Overwiening: „Die Apothekerschaft steht bereit“ Lilith Teusch, 15.05.2024 15:16 Uhr
„Wir sind der Strom aus der Steckdose“, so beschreibt Abda-Präsidentin Gabriele Regina Overwiening bei jeder Gelegenheit die Apotheke. Um auch in Zukunft die Versorgung zu sichern, brauche man weniger Misstrauen und mehr Zusammenarbeit zwischen den Leistungserbringern, so Overwiening bei der Hauptversammlung des Bundesverbands der Pharmazeutischen Industrie (BPI).
Die Apotheke vor Ort werde meist als selbstverständlich wahrgenommen; erst in dem Moment, in dem Menschen wirklich krank seien, ändere sich der Blick. Dabei sei die Apotheke für die Bevölkerung wichtig, so Overwiening: Bei der Frage, wie wichtig eine wohnortnahe Apotheke sei, hätten bei einer Umfrage mehr als 90 Prozent „wichtig“ angegeben.
Gemeinsame Initiativen
In Anlehnung an die kurz vorher vorgetragene Forderung von CDU-Chef Friedrich Merz, Gesundheit müsse auch persönlich wieder etwas wert sein, betonte Overwiening, dass Eigenverantwortung zwar ein wichtiges Thema in der Gesundheitsversorgung sei. Doch wenn ein Mensch Leidensdruck habe, dann müsse das Gesundheitssystem den Menschen verlässlich versorgen, ohne dass hierfür alles selbst Verantwortung übernommen werden müsse.
„Gesundheitsversorgung geht nicht alleine“, sagte Overwiening. In der Politik würden verschiedene Leistungserbringer oft gegeneinander ausgespielt, darauf dürfe man sich nicht einlassen. Stattdessen müsste Misstrauen gegeneinander abgebaut werden.
Daher spricht sich Overwiening dafür aus, gemeinsam mit Ärzten „Initiativen“ zu starten, die zeigen, dass gemeinsam kostengünstig eine qualitativ hochwertige Versorgung gelingen könne. Als Beispiele nannte sie Projekte, um die Einnahmetreue zu stärken oder Lieferengpässen effizienter zu begegnen.

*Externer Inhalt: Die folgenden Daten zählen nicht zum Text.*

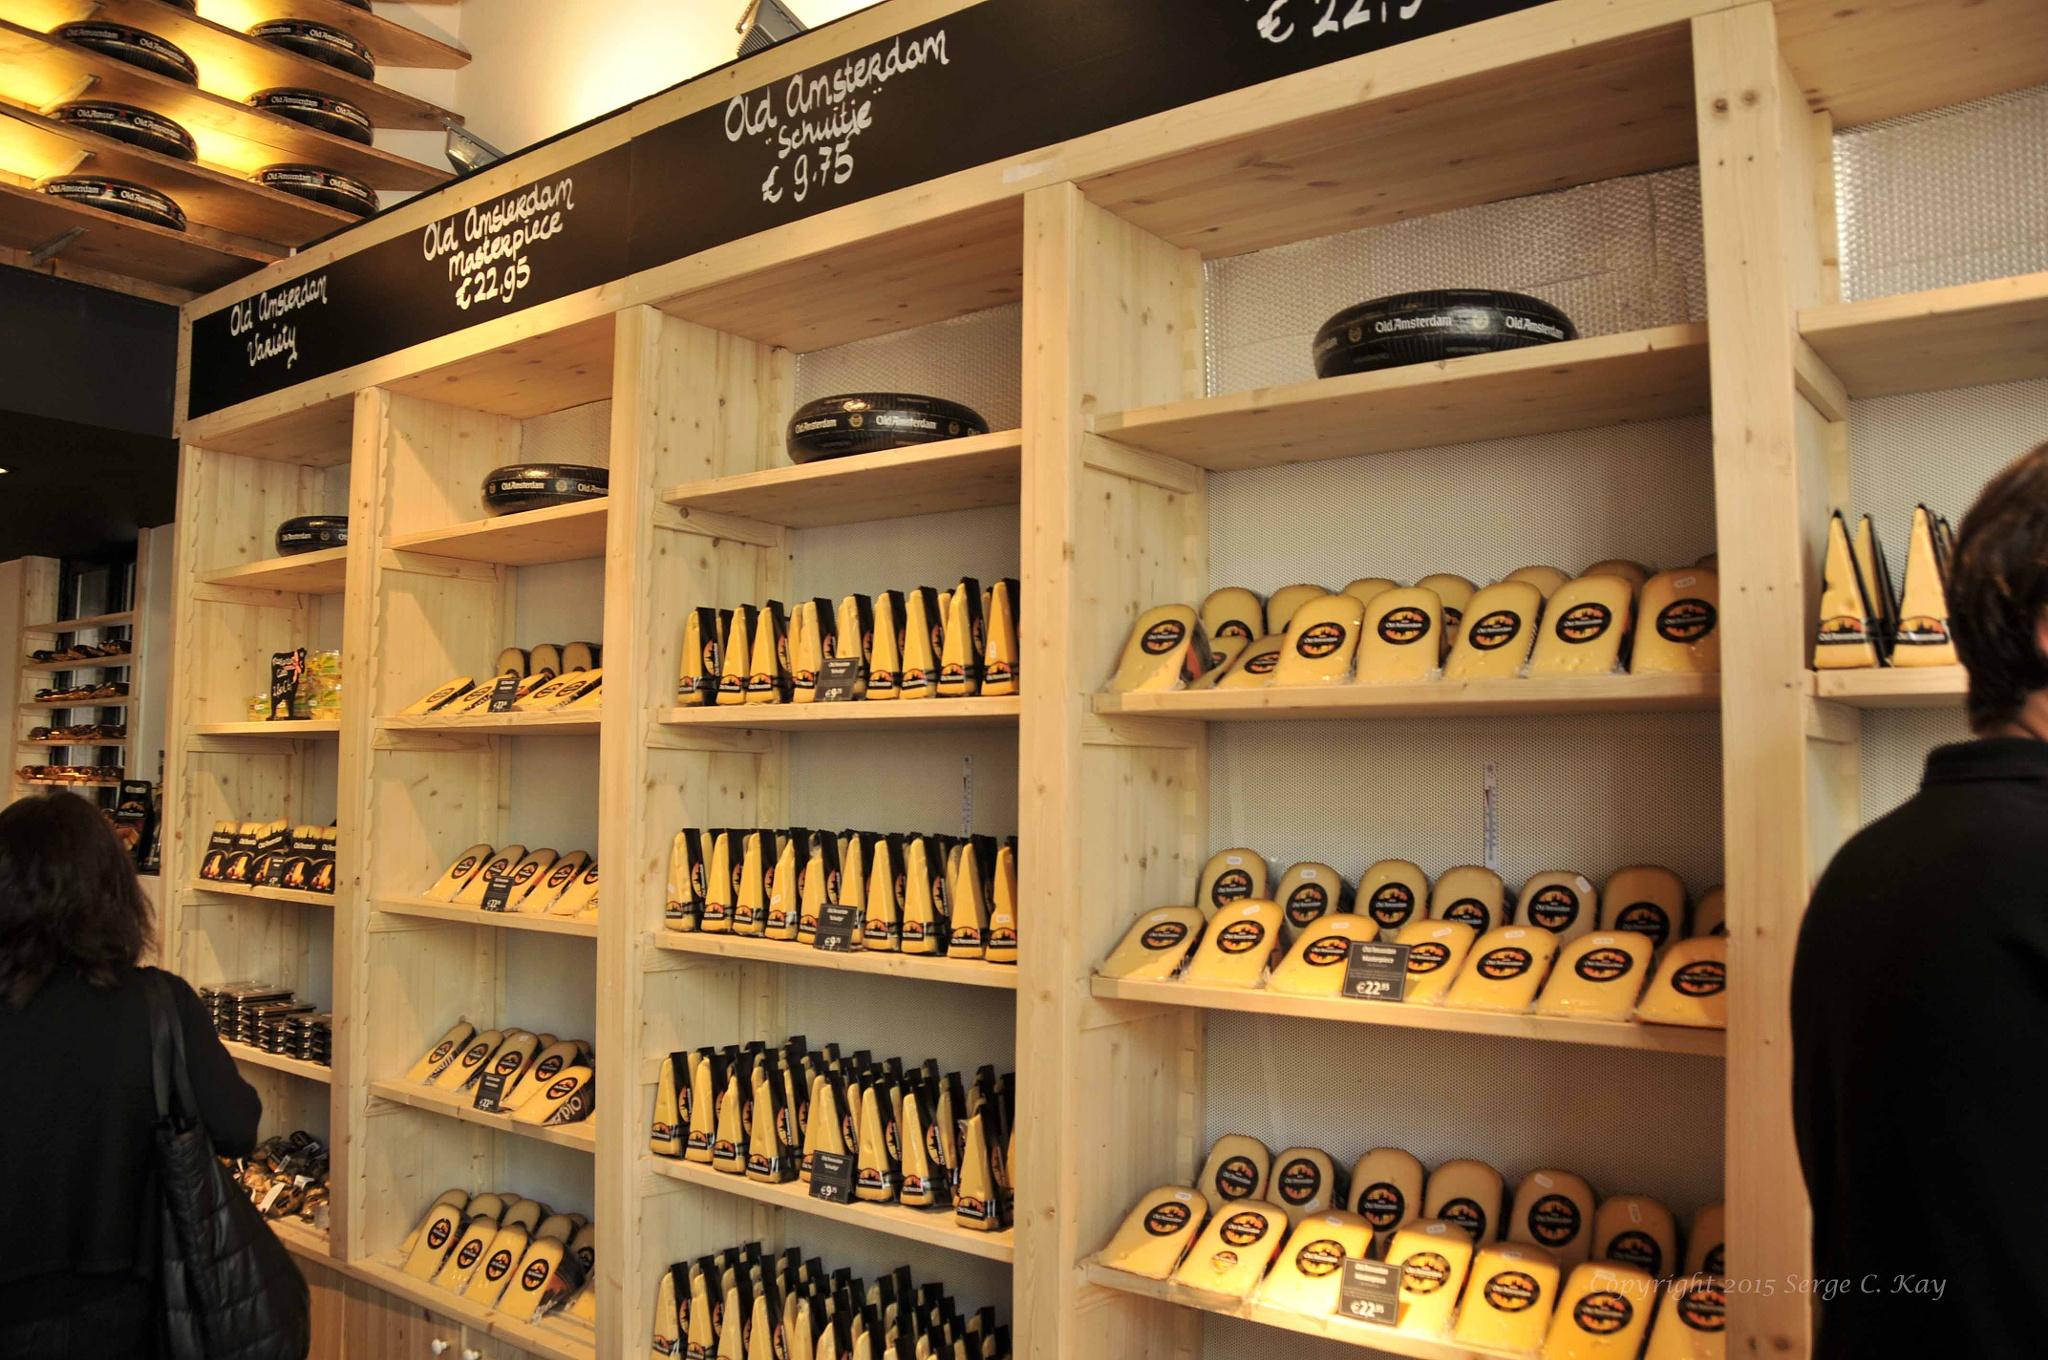 Amsterdam Gouda Cheese Shop by Serge Kay
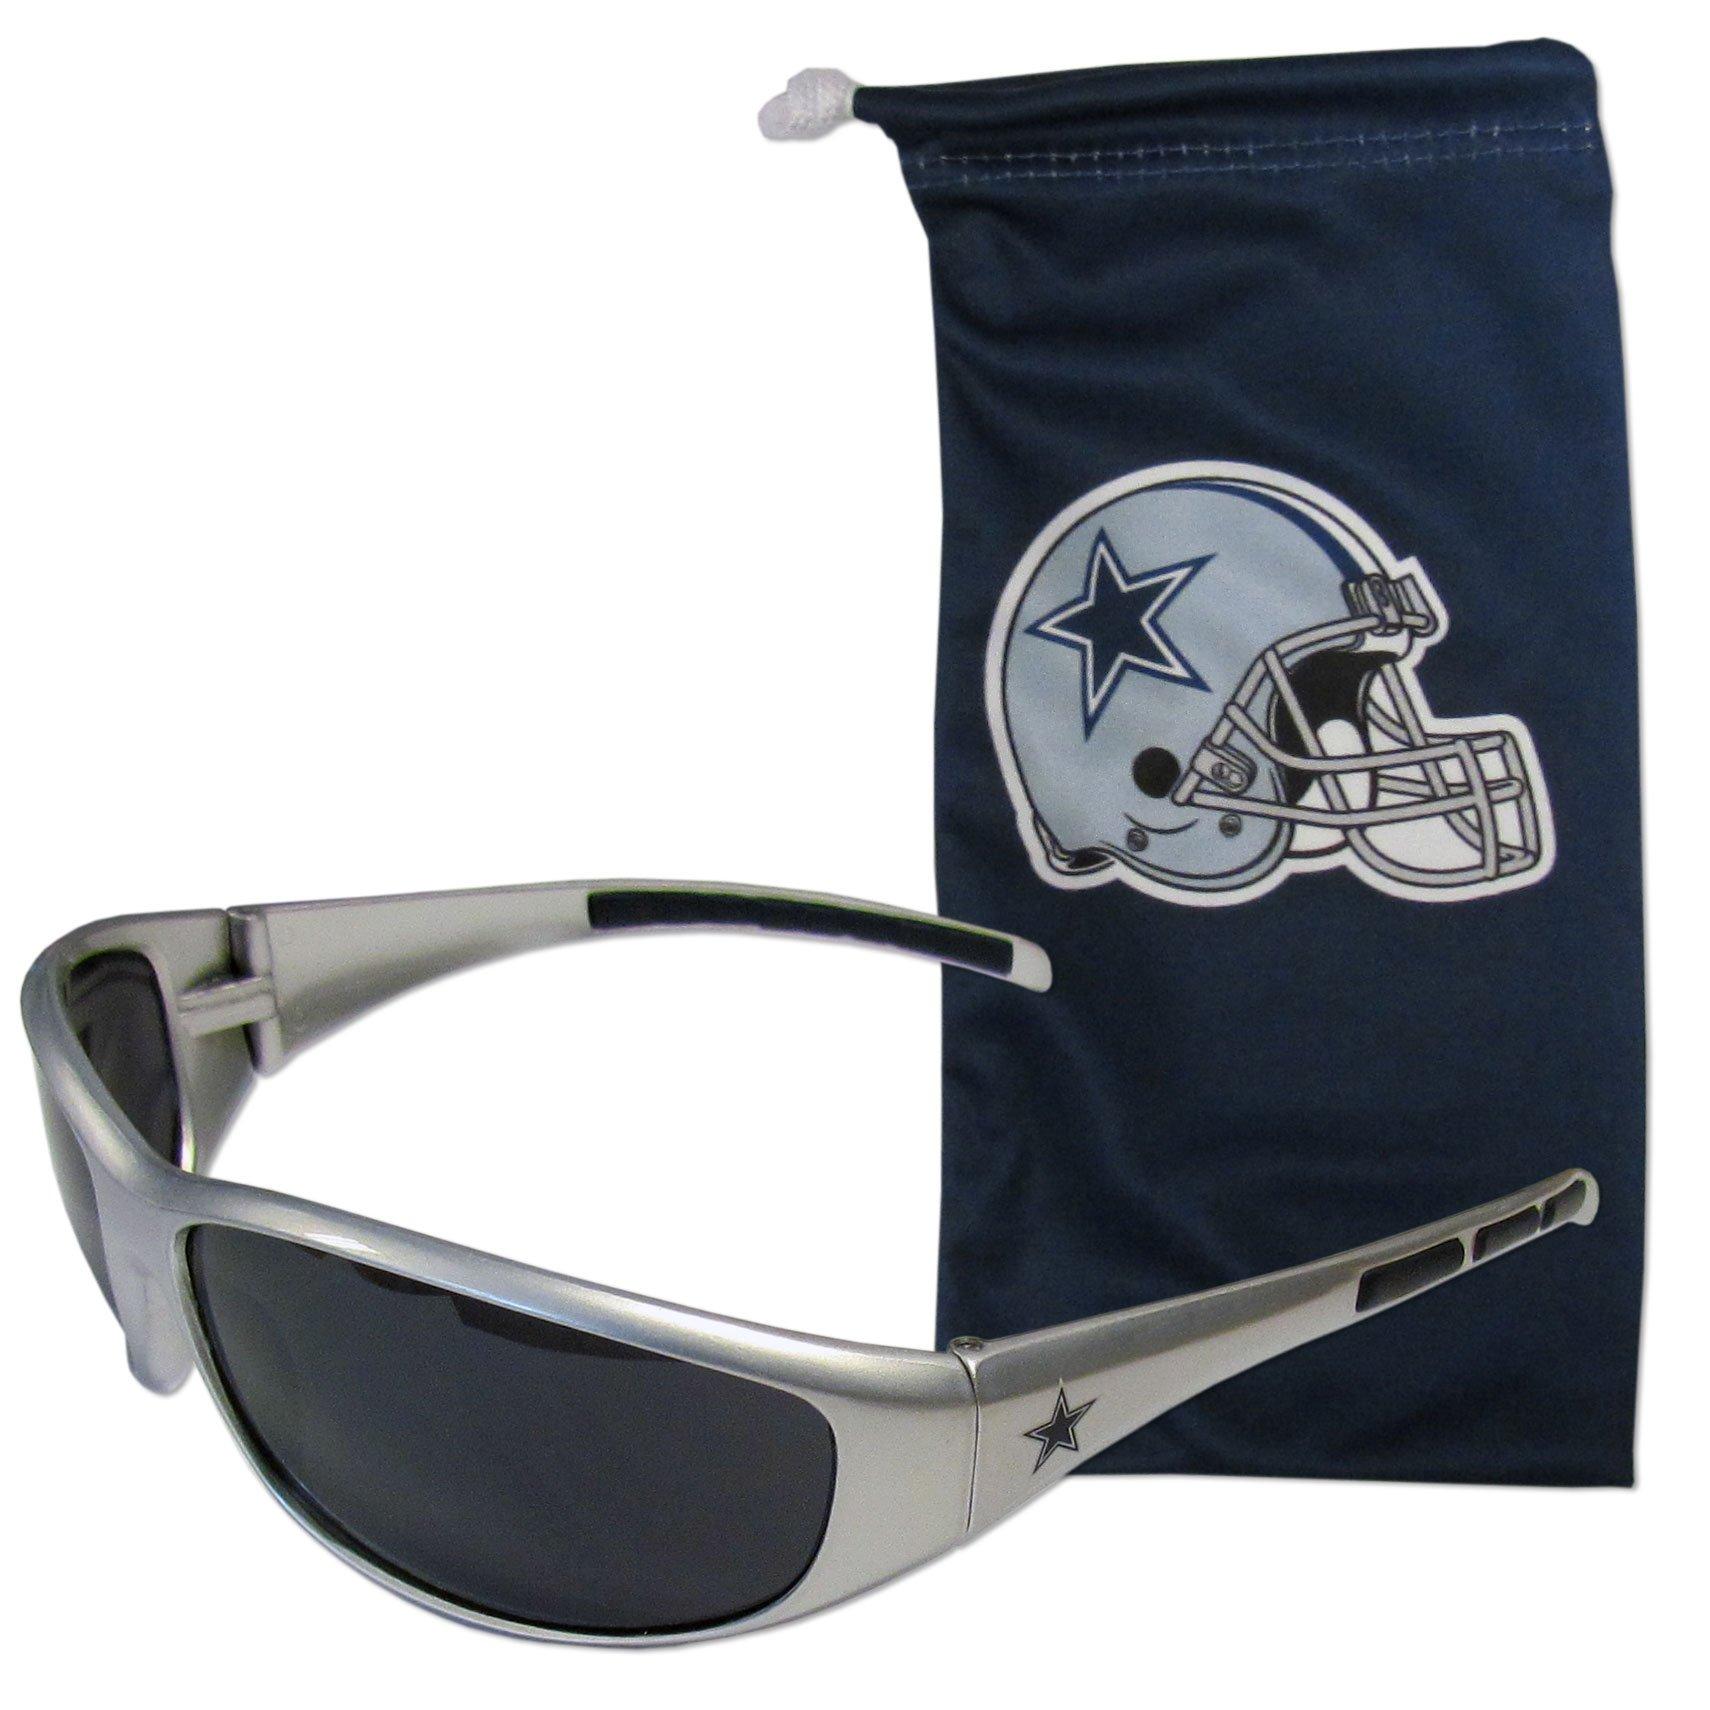 NFL Dallas Cowboys Adult Sunglass and Bag Set, Blue

Apotheker dürften nicht einmal die Darreichungsform eines Medikaments austauschen, ohne den zusätzlichen Schritt, ein neues Rezept vom Arzt zu fordern. Das bedeute zusätzliche Arbeit für den Arzt, den Apotheker und eine spätere Versorgung des Patienten. „Die Apothekerschaft steht bereit“, schließt Overwiening.
Medikamente nicht nur Kostenfaktor
Arzneimittel würden nur als Kostenfaktor betrachtet, dies führe dazu, dass die Unternehmen in Europa nicht mehr in der Lage seien, hier zu produzieren – und sich die Produktion immer weiter Richtung Indien und Asien verlagere, so Oliver Kirst, Vorsitzender des BPI. Die Rahmenbedingungen in Europa müssten verbessert werden, um den Standort zu stärken.
Dr. Alena Buyx, ehemalige Vorsitzende des Deutschen Ethikrats, betonte, dass das Gesundheitssystem widerstandsfähiger gemacht werden müsse. Es habe ganz gut geklappt in Corona-Zeiten, so Buyx. Die Geschwindigkeit, in der während der Pandemie Impfstoffe entwickelt und produziert worden seien, bezeichnete sie als „spektakulär“.
Qualität nur Mittelmaß
In Zukunft kämen auf das System weitere Belastungsproben zu, auf die man sich frühzeitig vorbereiten müsse: Durch den demografischen Wandel steige der Bedarf an Gesundheitsleistungen, der Fachkräftemangel würde sich eher verstärken. „Ein Drittel der Pflegekräfte ist zwischen 55 und 65 Jahre alt und wird in den nächsten zehn Jahren in Rente gehen“, so Buyx.
Gleichzeitig investiere Deutschland enorm viel in das Gesundheitssystem, doch in der Qualität sei man nur im unteren Mittelfeld. Die Mittel müssten sinnvoller verteilt werden. Um die Probleme in Angriff zunehmen, müsse eine gemeinsame Strategie gefunden werden und sich mehr am Gemeinwohl orientiert werden.